Several high-profile companies failed to respond to HRC's invitation to be rated, the group said. They include Pottery Barn and West Elm, each part of Williams-Sonoma (WSM); Bed Bath & Beyond (BBBY); Tyson Foods (TSN); News Corp. (NWS), owner of Fox News and HarperCollins Publishers; and several others.

The annual survey examines more than 30 specific policies and practices governing lesbian, gay, bisexual and transgender employees, including nondiscrimination protection and training in domestic partnership, legal dependent benefits, gender transition guidelines and LGBT employee resource groups.

Among highlights of this year's survey, HRC noted the following:

  • Corporate America protects LGBT workers from discrimination and provides benefits in ways that the government doesn't. While only 29% of the U.S. population lives in states with statewide non-discrimination statutes that specify sexual orientation and gender identity, 99% of Corporate Equality Index-rated companies include sexual orientation and 76% include sexual orientation and gender identity in their non-discrimination policies. In 2002, only 5% of companies included gender identity among their non-discrimination policies.

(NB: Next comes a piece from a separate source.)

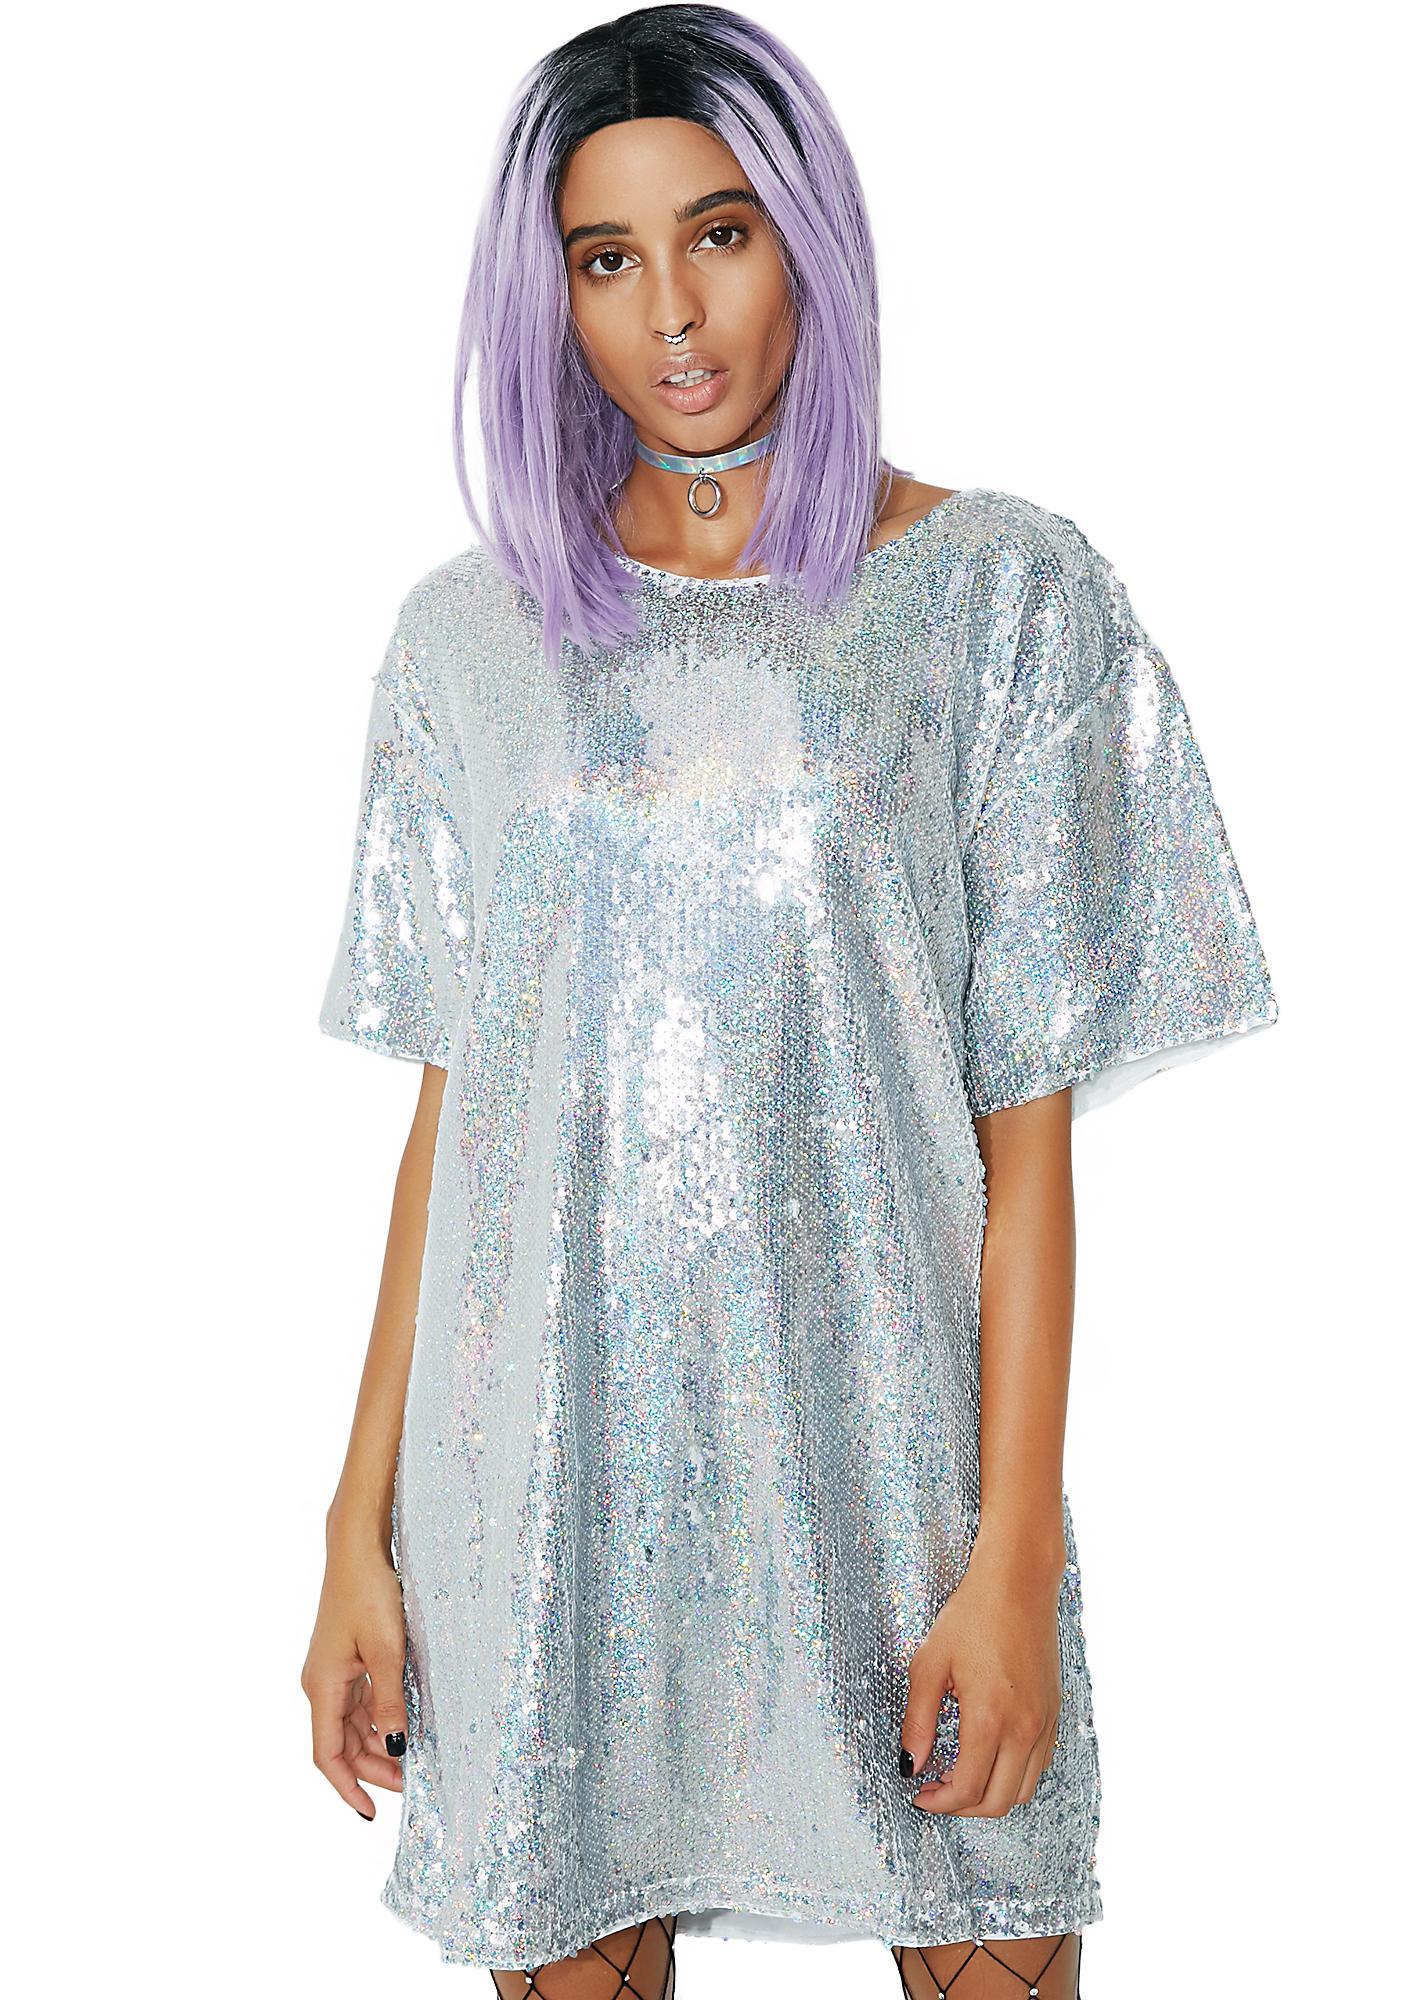 Sequin Silver T Shirt Dress | Dolls Kill

  • In 2004, only 3% of Corporate Equality Index-rated companies addressed transgender health with limited benefit offerings. Today, 79% of rated companies provide this limited coverage and 85 companies specifically offer at least one health care plan option to all employees that covers many medically necessary transition-related treatment including hormone therapies and sexual affirmation surgeries.

  • In 2002, 70% of Corporate Equality Index-rated companies provided domestic partnership health-care benefits. Today, 95% of rated companies provide that coverage.